# Dan Zan Ryu Jujutsu Check-in



## Makalakumu (May 15, 2009)

I just wanted to start a thread to catch all of the people currently practicing or who have practiced Dan Zan Ryu Jujutsu.  I know a couple of you, but I'm sure there are more out there.

So, post here.

What do you like about the art?  What do you dislike?  How is/was your overall experience?


----------



## hkdharmon (May 18, 2009)

I love DZR. I like the lists and well-rounded aspects of the system. I just went to a kata contest this weekend and I always like when someone pull out an art I have never seen (I am an Ikkyu).
Dislikes: I dislike how people get really caught up in the kata, like it is the bible or something.

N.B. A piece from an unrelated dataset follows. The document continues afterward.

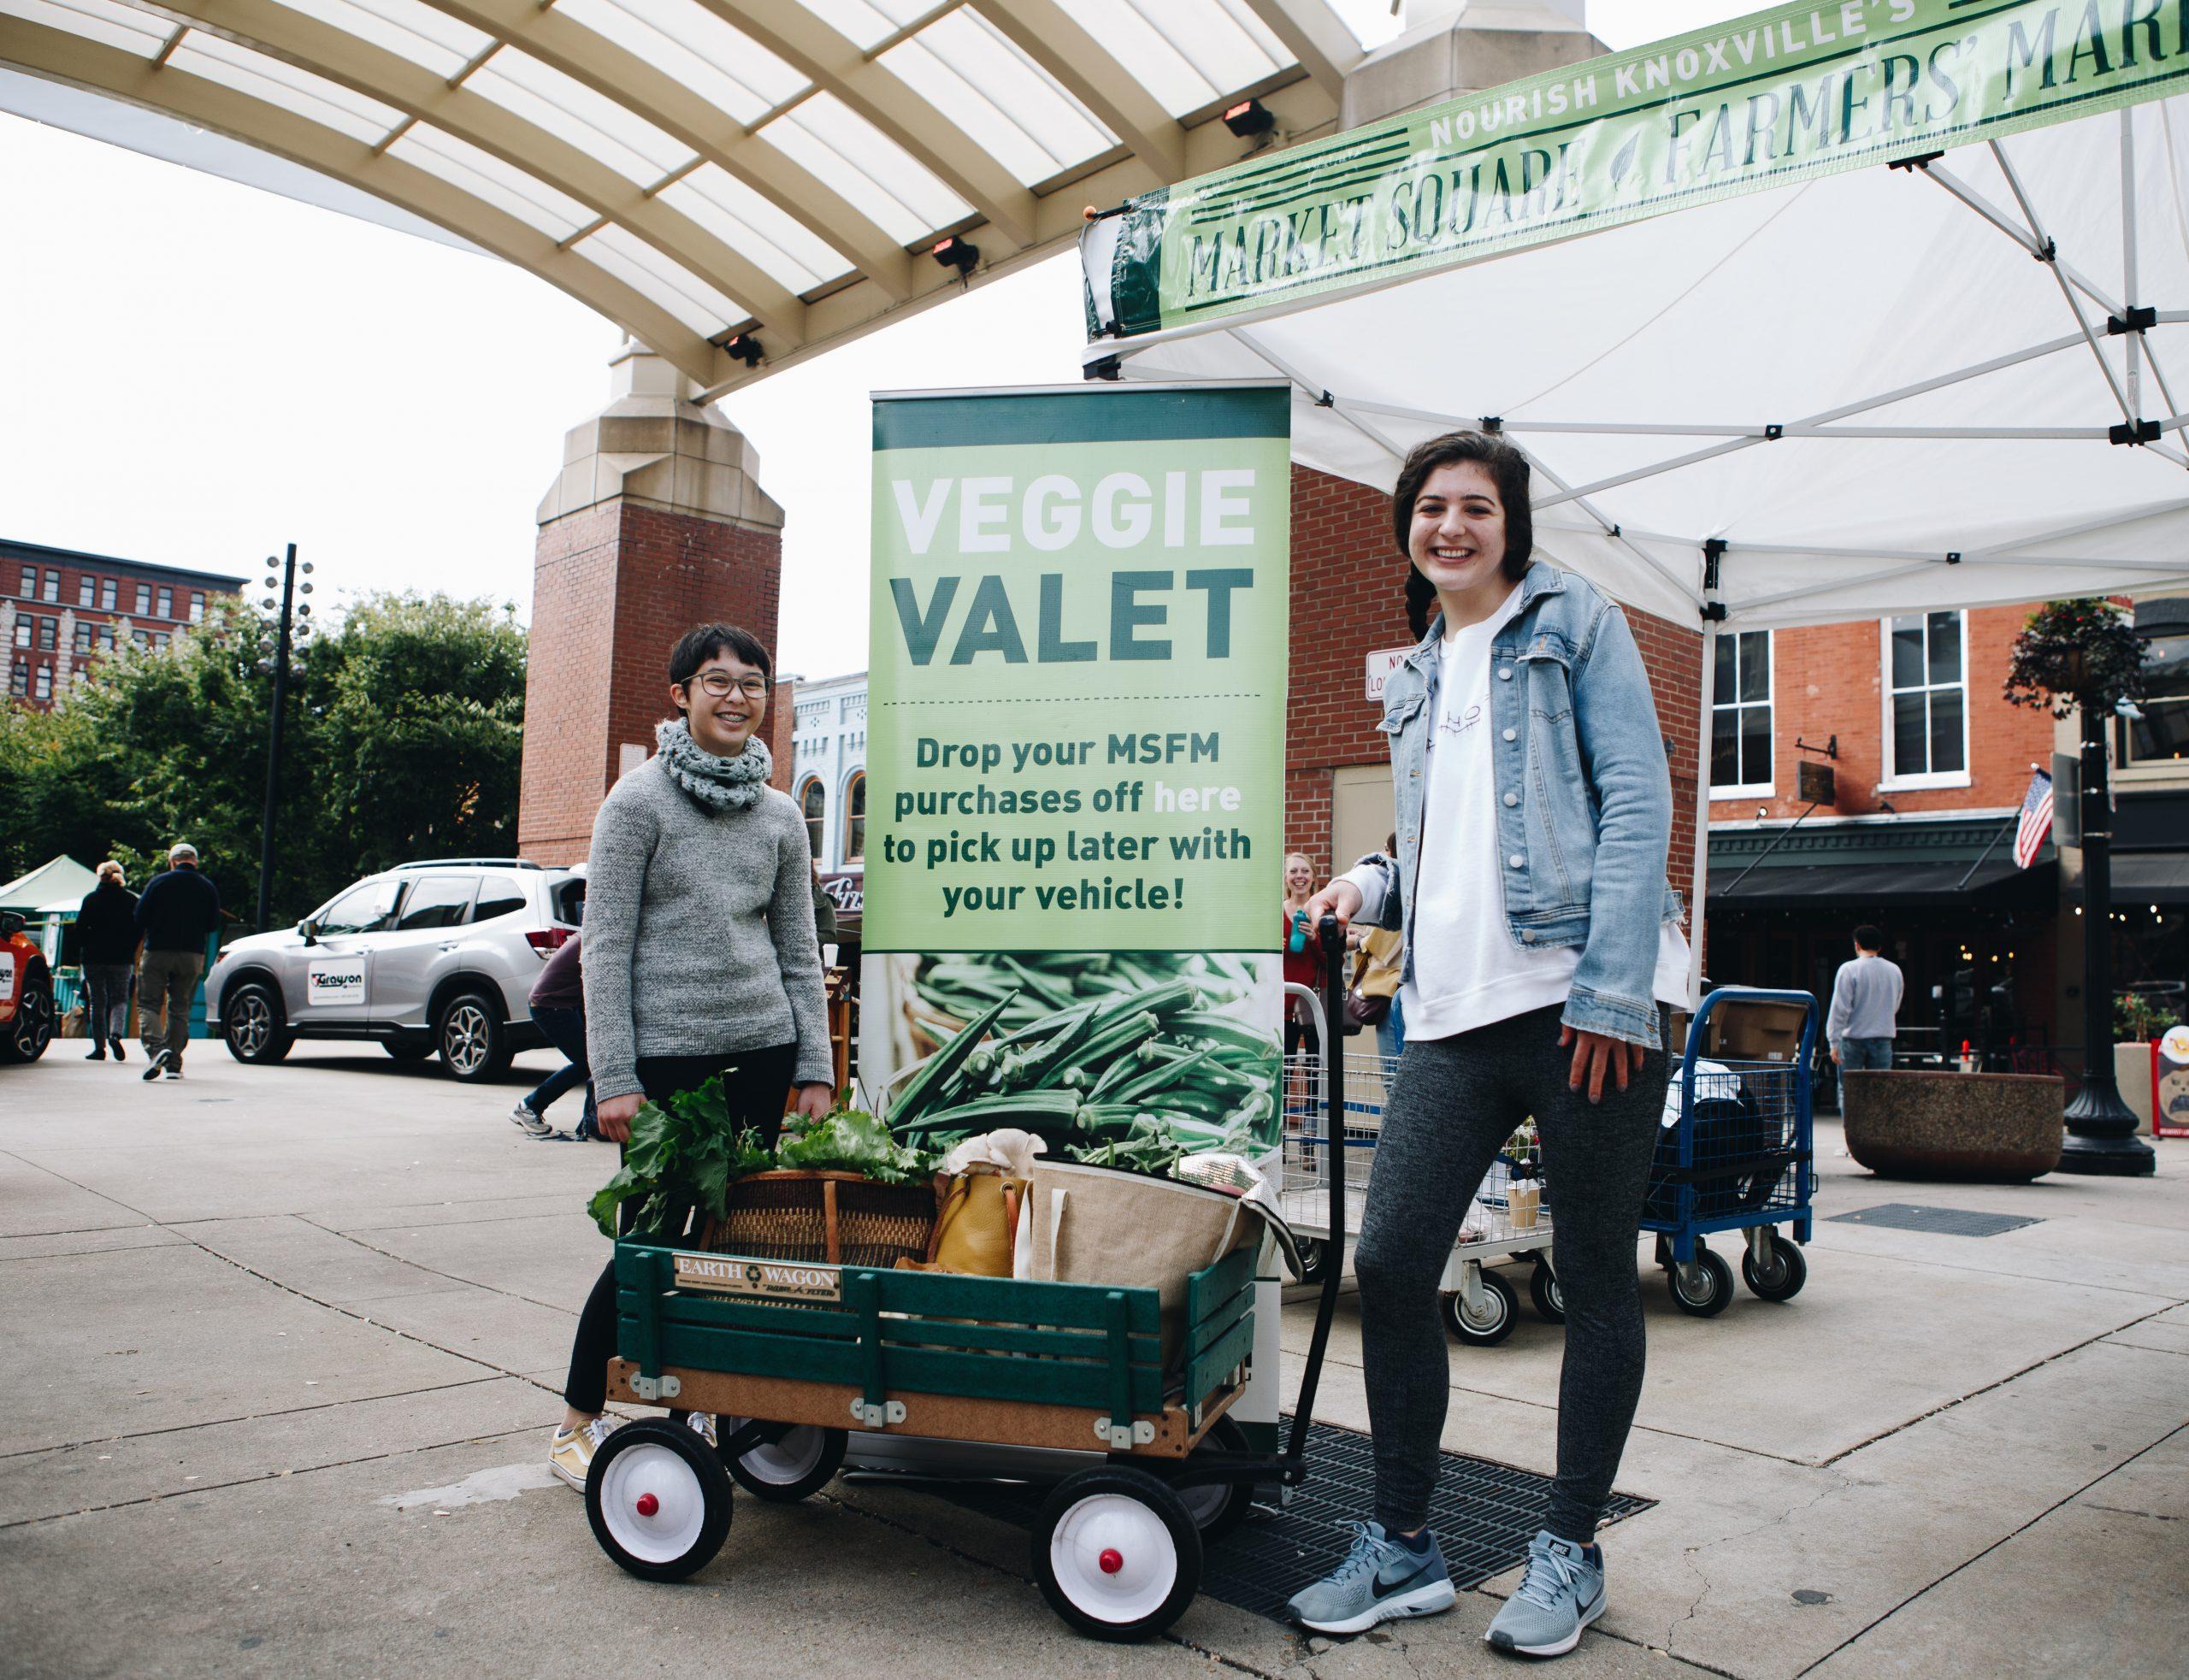 veggie-valet-tent-with-volunteers
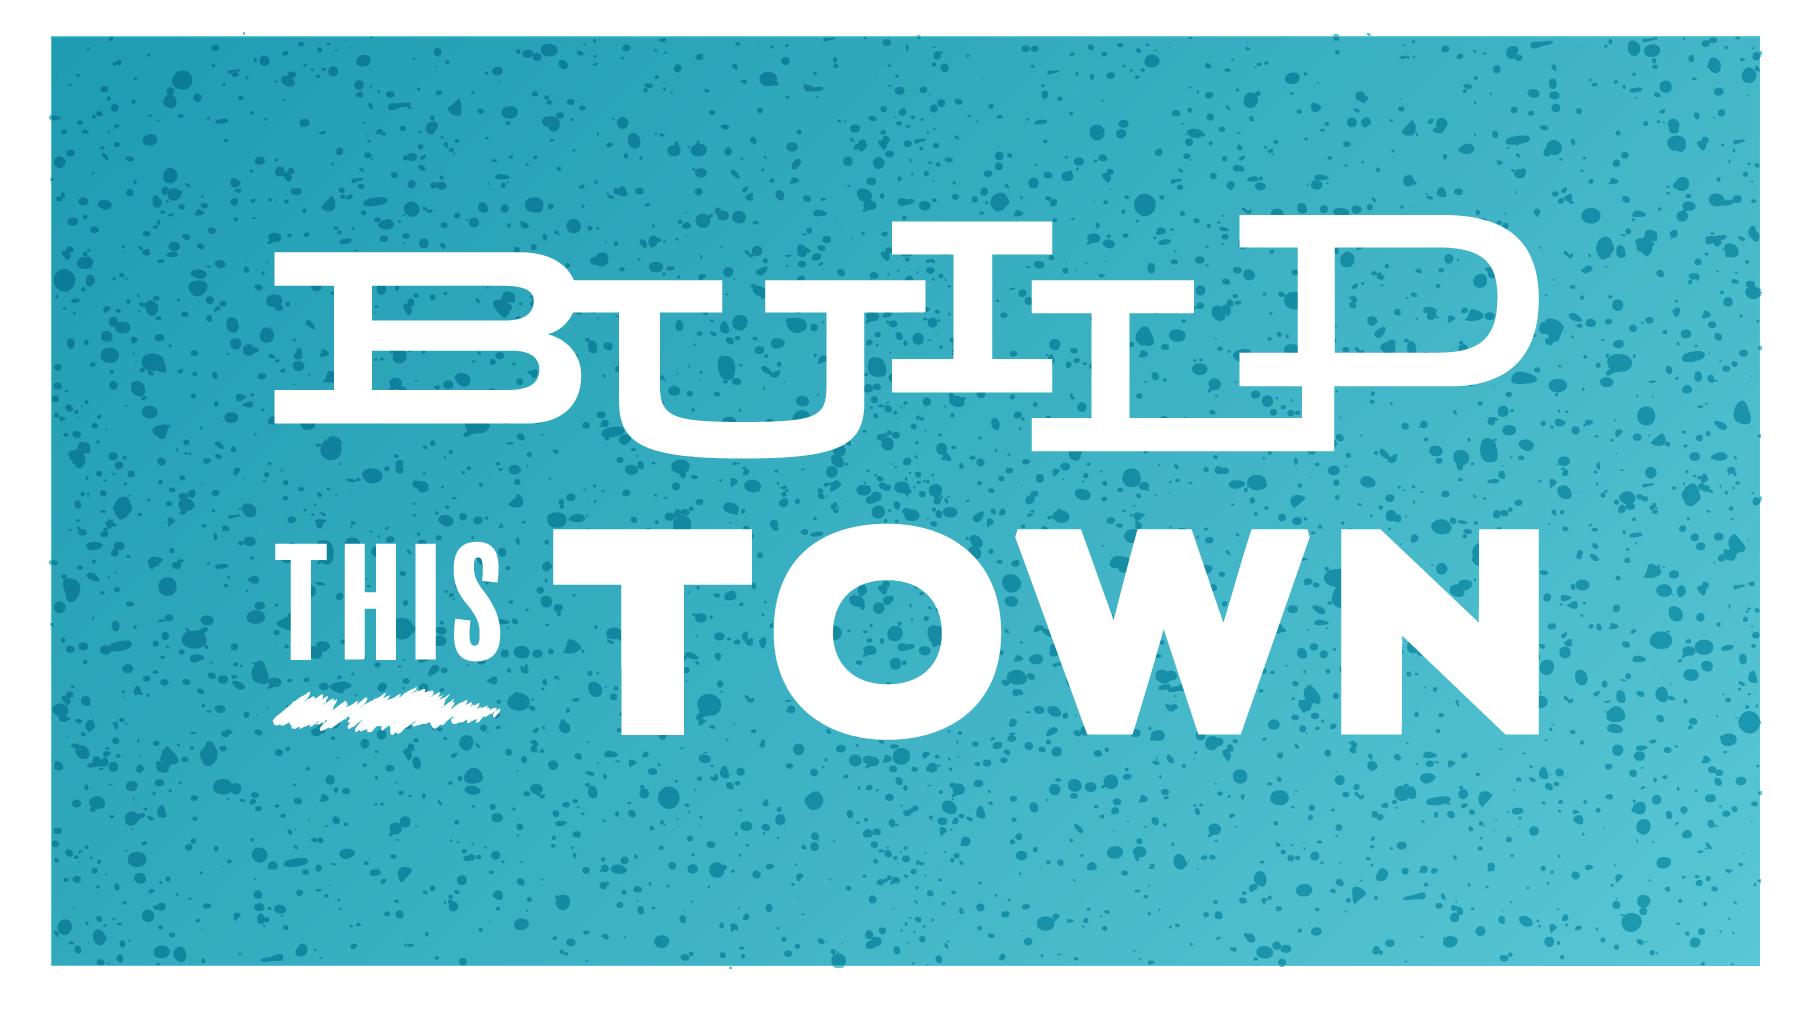 BuildThisTownHomebase_Large_Full_Logo_Transparent_BG copy 4.png

And I dislike that many dojo's do not do much if any rondori.
However, I think this is a weakness in training methods, not in the art itself. that is, it is a weakness in the practitioners, not the system.
Aaron Harmon
greatjujitsustuff.wordpress.com


----------



## Makalakumu (May 18, 2009)

Thanks for the post.  I, too, think the biggest weakness is the lack of randori.  The art has potential in that many of the lists would bring an entirely new level to randori.  Dan Zan Ryu is a well rounded system, the lack of alive practice in many dojo's is disheartening.

The upside is the restorative massage training.  In the dojo out here in Hawaii, we have members of the Okazaki family who visit and give lessons on massage.  It's so interesting to see how seifukujutsu fits into the rest of DZR.


----------



## b.monki (Jun 4, 2009)

i think this my first post... but ya... i trained in dzr for a pretty long time with sensei carol harris who taught at wally jays school for like 40 something odd years... probably the best time in my life she would always let me run classes and teach new students which helped me a lot in my teaching ability... mixed with judo its become a really good style for me especially growing in the east bay area by oakland, ca in the projects its helped me stay safe so many times... i learned it with the small circle jujitsu principles... for me the most practical board was the first board the yawara hand arts, a lil ne waza to escape being pinned and kicked in the face by some hood rats with some judo throws and some iron palm training your good to go for the streets... not a fan of dzr throws (i learned traditional dzr jujitsu that was the exact way okazaki taught it)... my judo coach was also a black belt under wally jay and also back in the day of black and white photography sambo champion of the world... sensei siroy... i rambled... sorry bout that i love dzr and judo too much...:mst:


----------